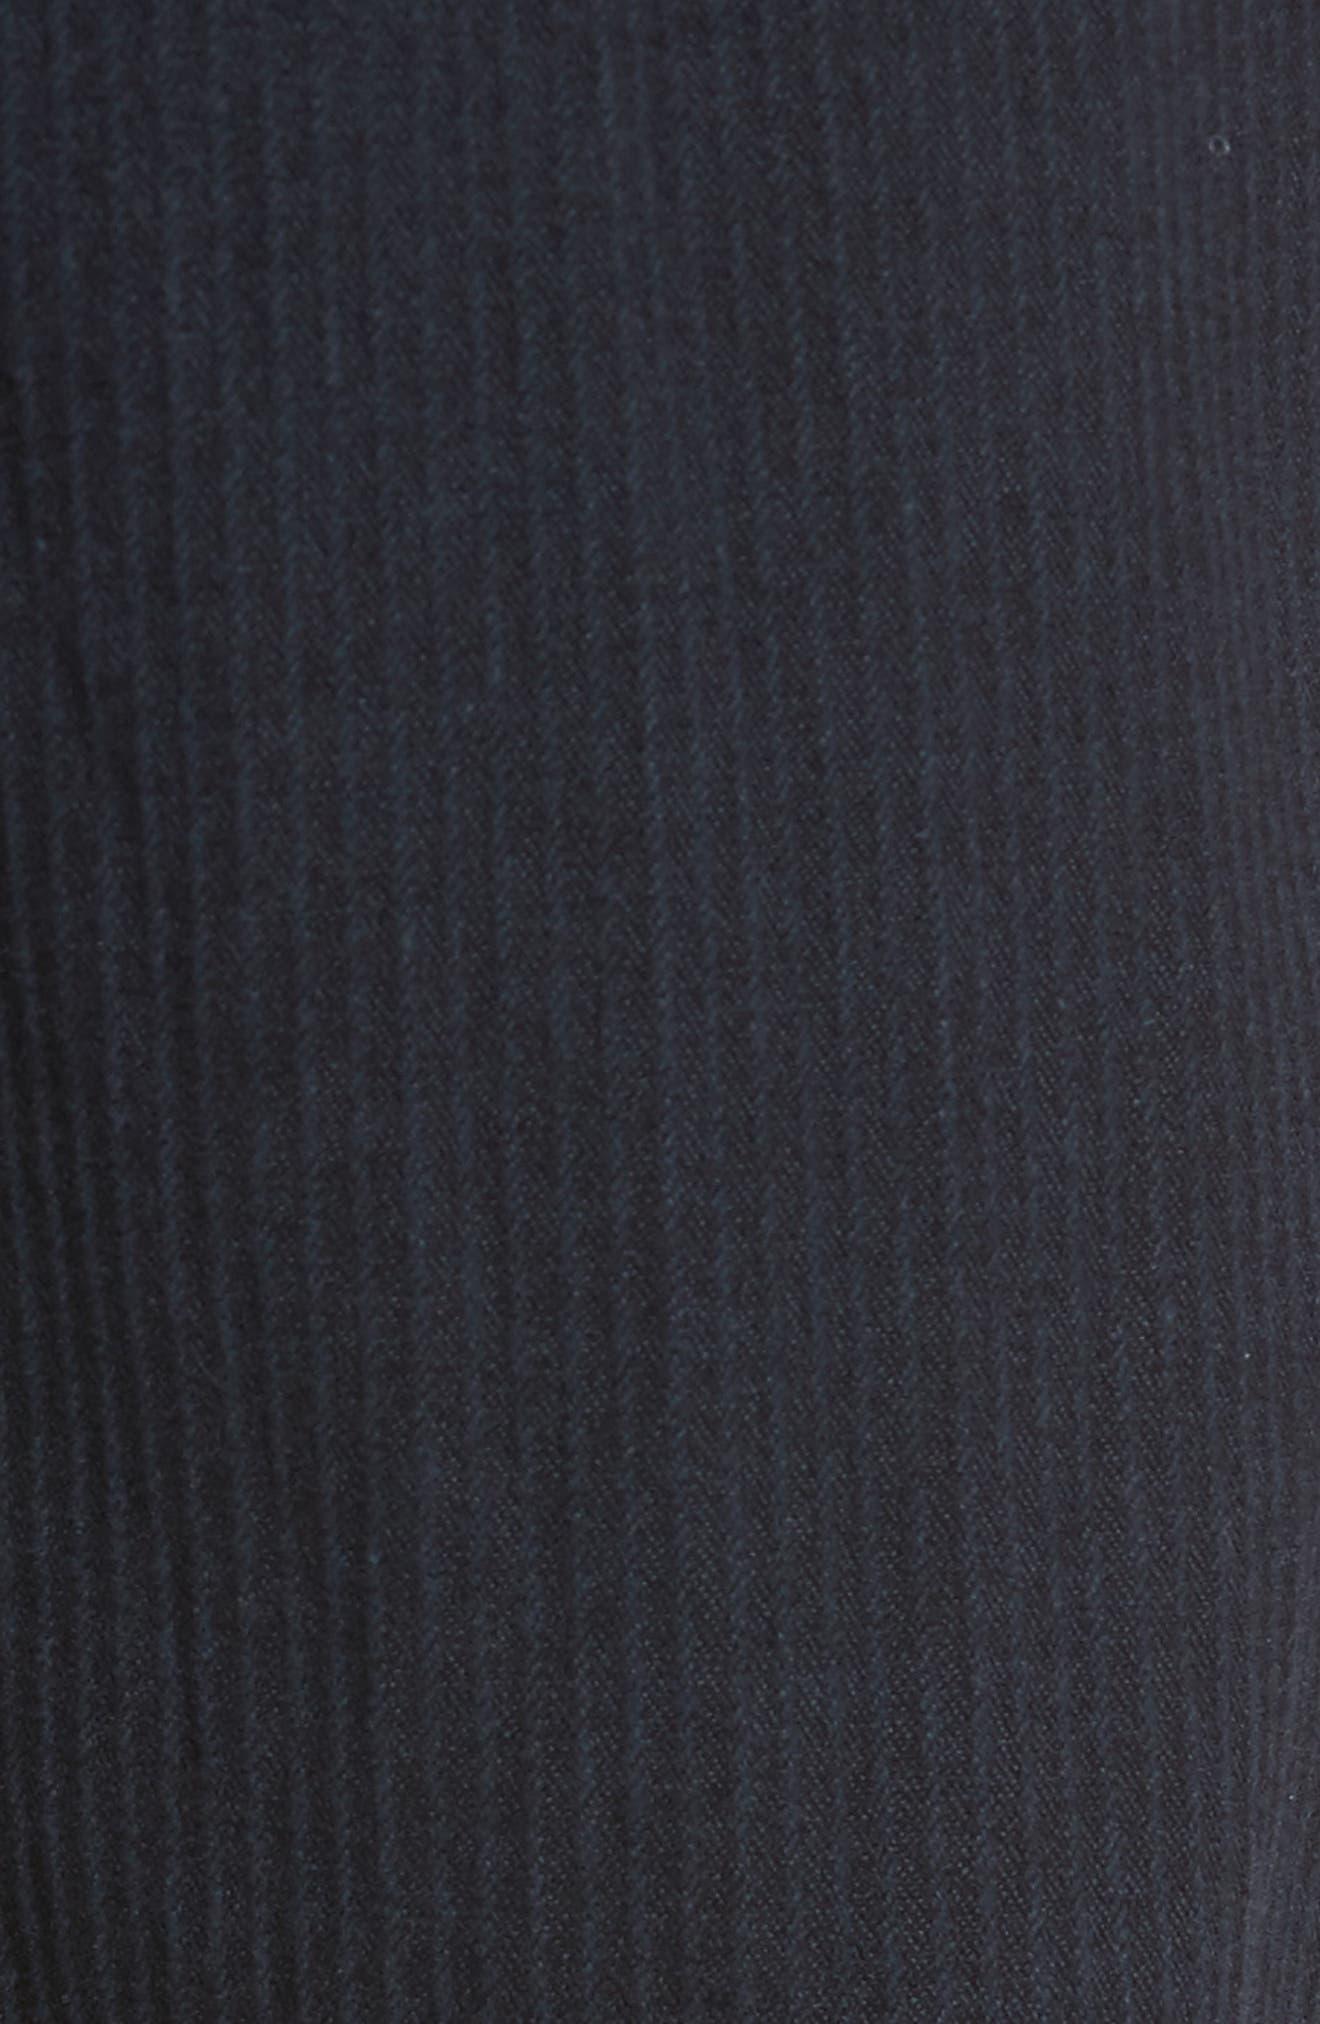 Tellis Modern Slim Stripe Five-Pocket Pants,                             Alternate thumbnail 5, color,                             Midnight Shadow
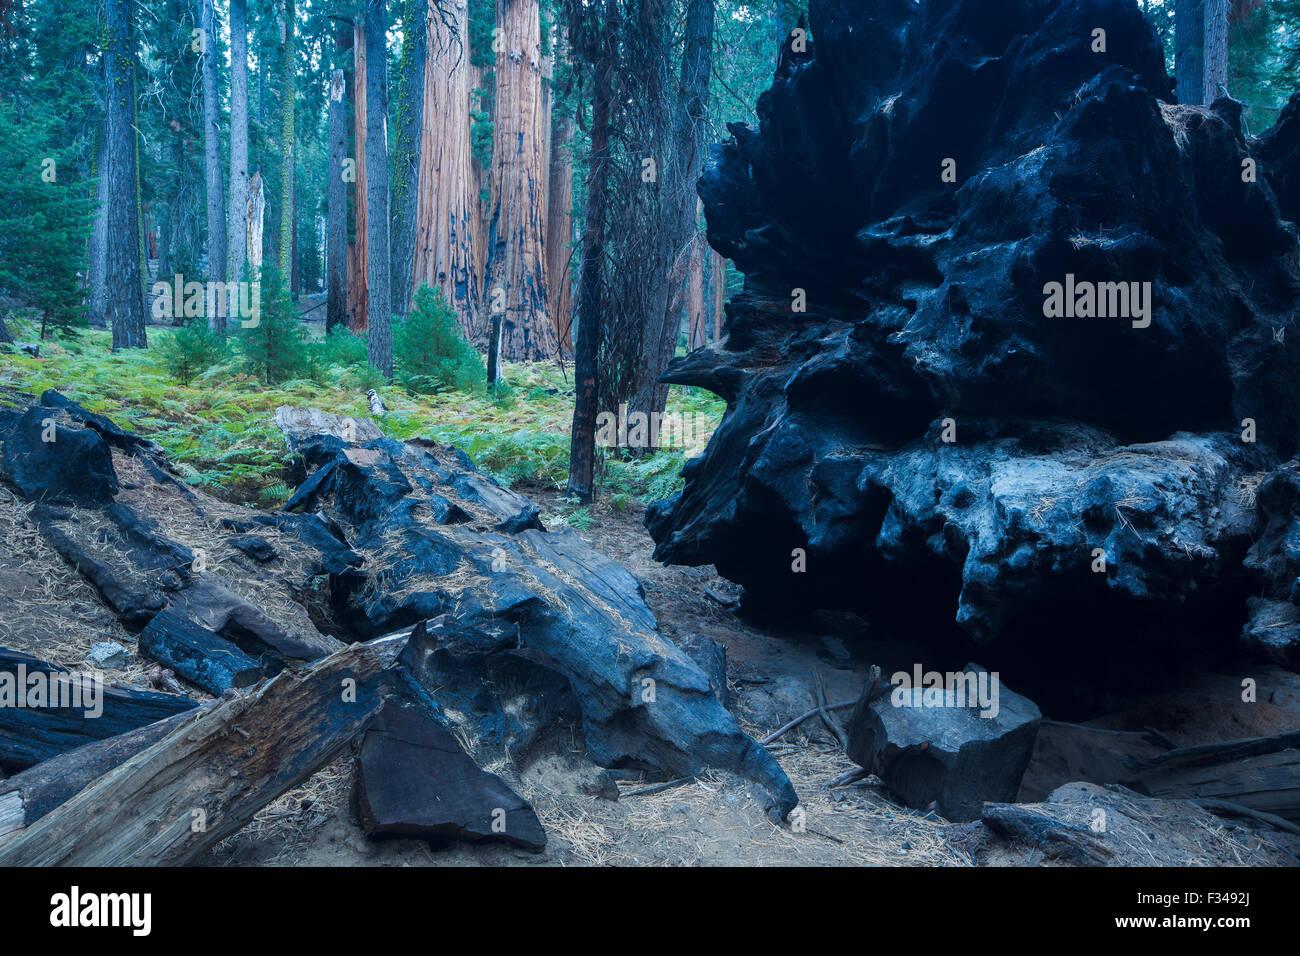 Caduta di una sequoia gigante, albero di Sequoia National Park, California, Stati Uniti d'America Immagini Stock
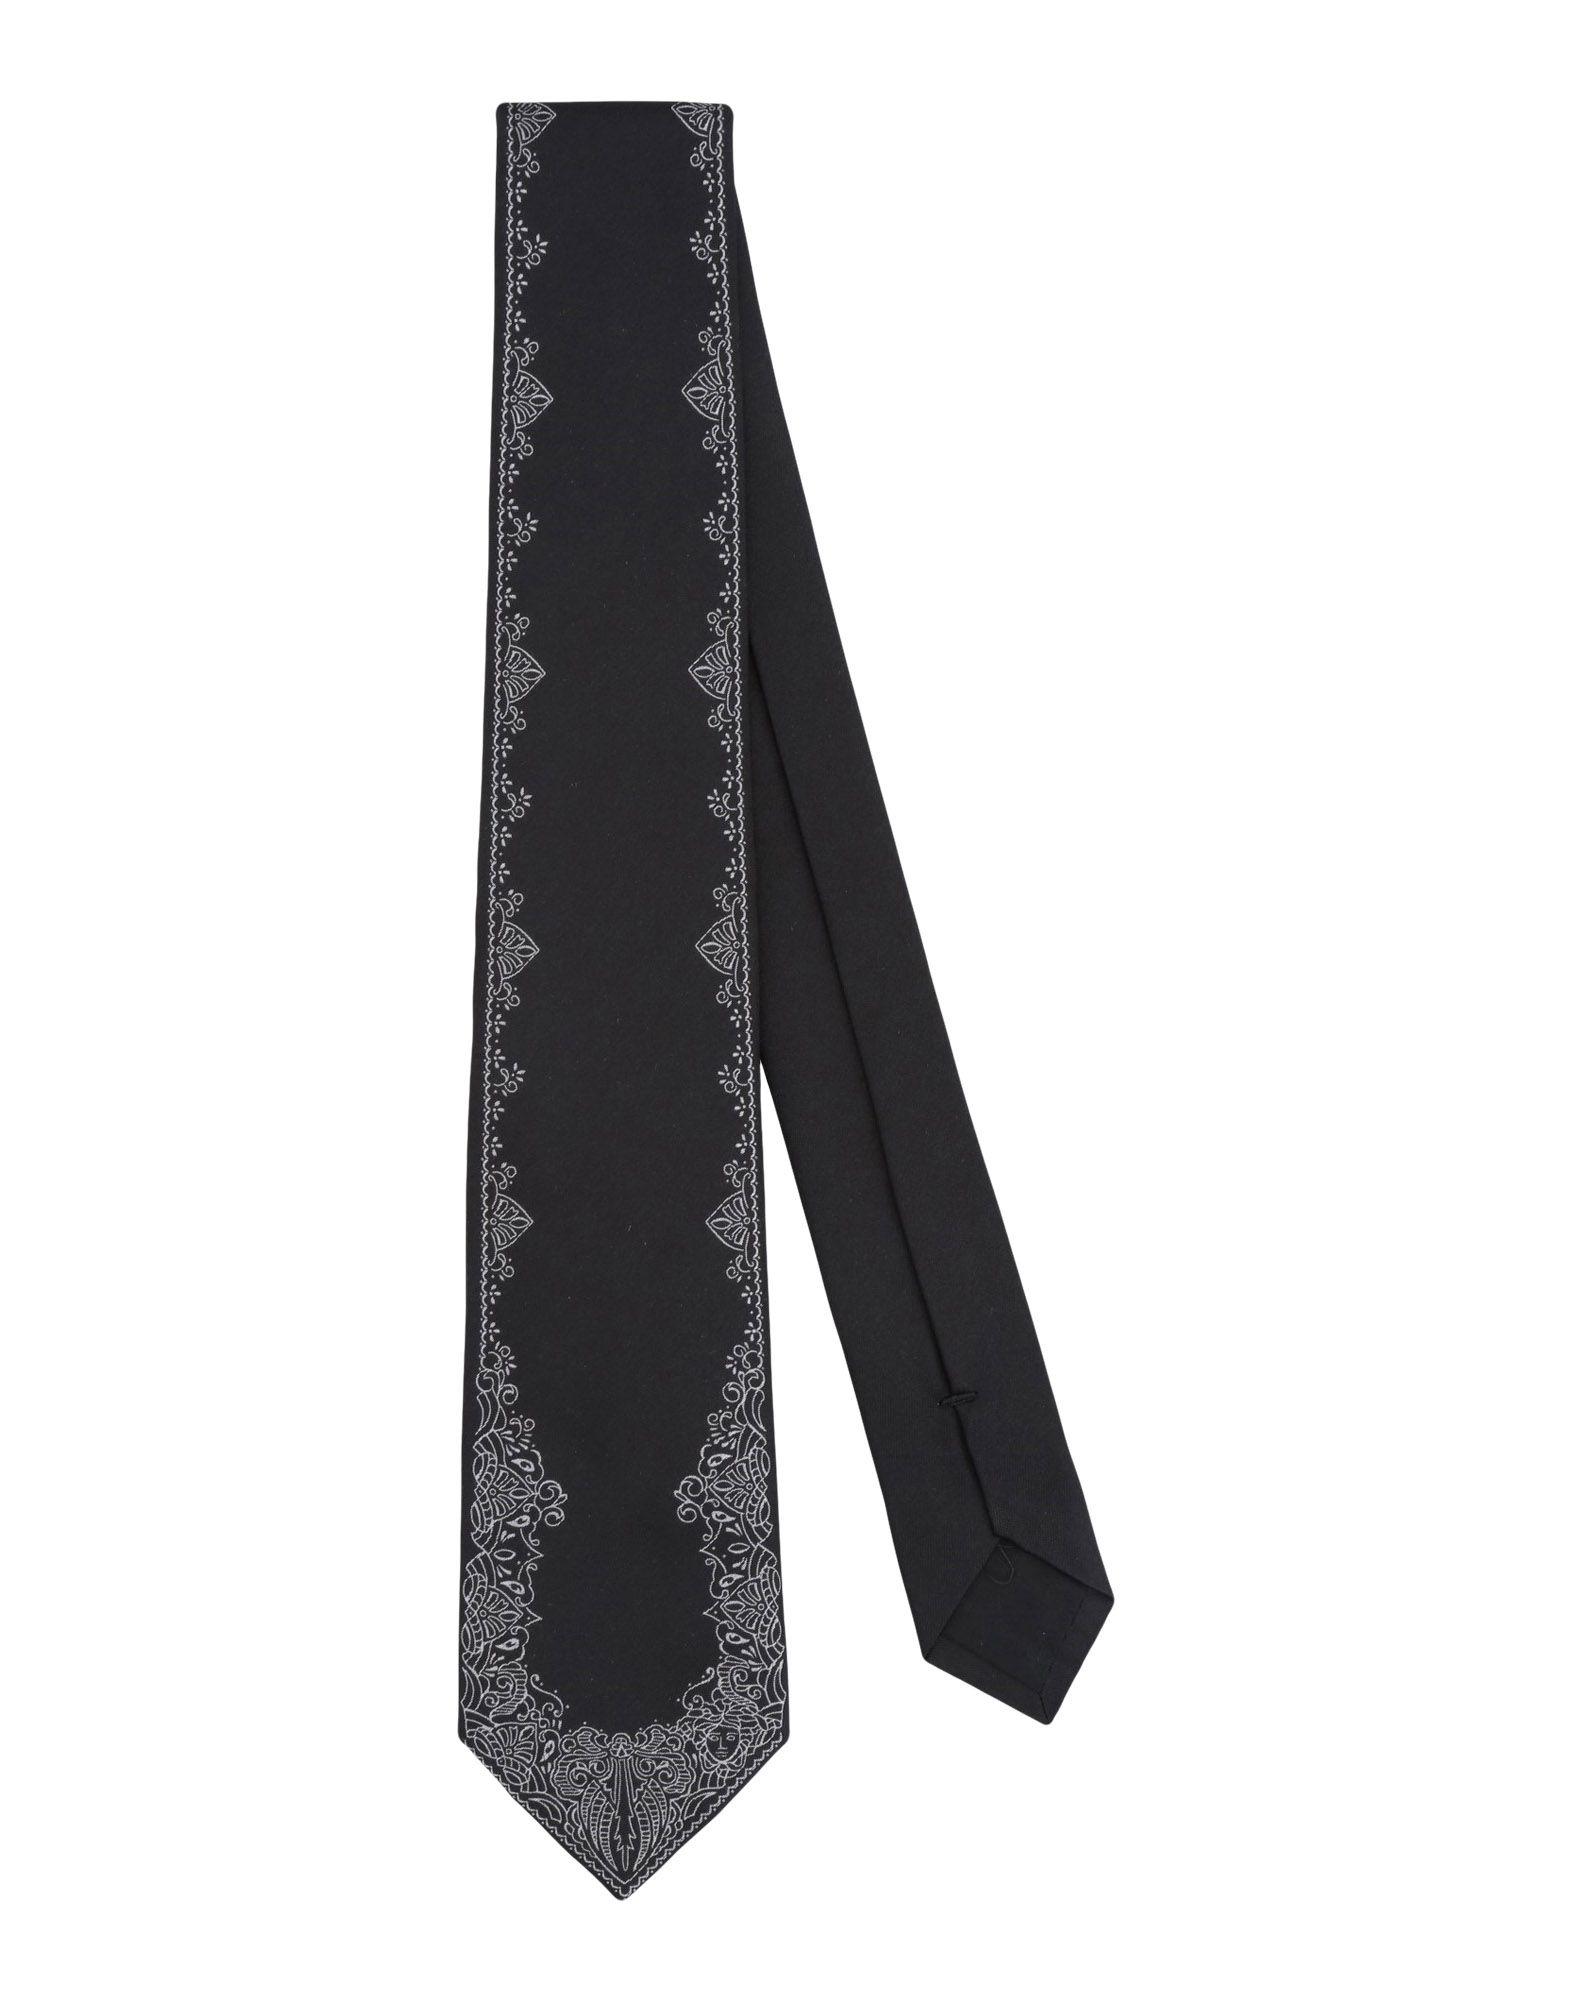 VERSACE Галстук versace бордовый галстук в клетку внизу с логотипом versace 821752 page 3

> [What is being asked] Retype the whole listing word for word. Skip the pictures.

> [Reply]
 Tellis Modern Slim Stripe Five-Pocket Pants,                             Alternate thumbnail 5, color,                             Midnight Shadow
 Caduta di una sequoia gigante, albero di Sequoia National Park, California, Stati Uniti d'America Immagini Stock
 VERSACE Галстук versace бордовый галстук в клетку внизу с логотипом versace 821752 page 3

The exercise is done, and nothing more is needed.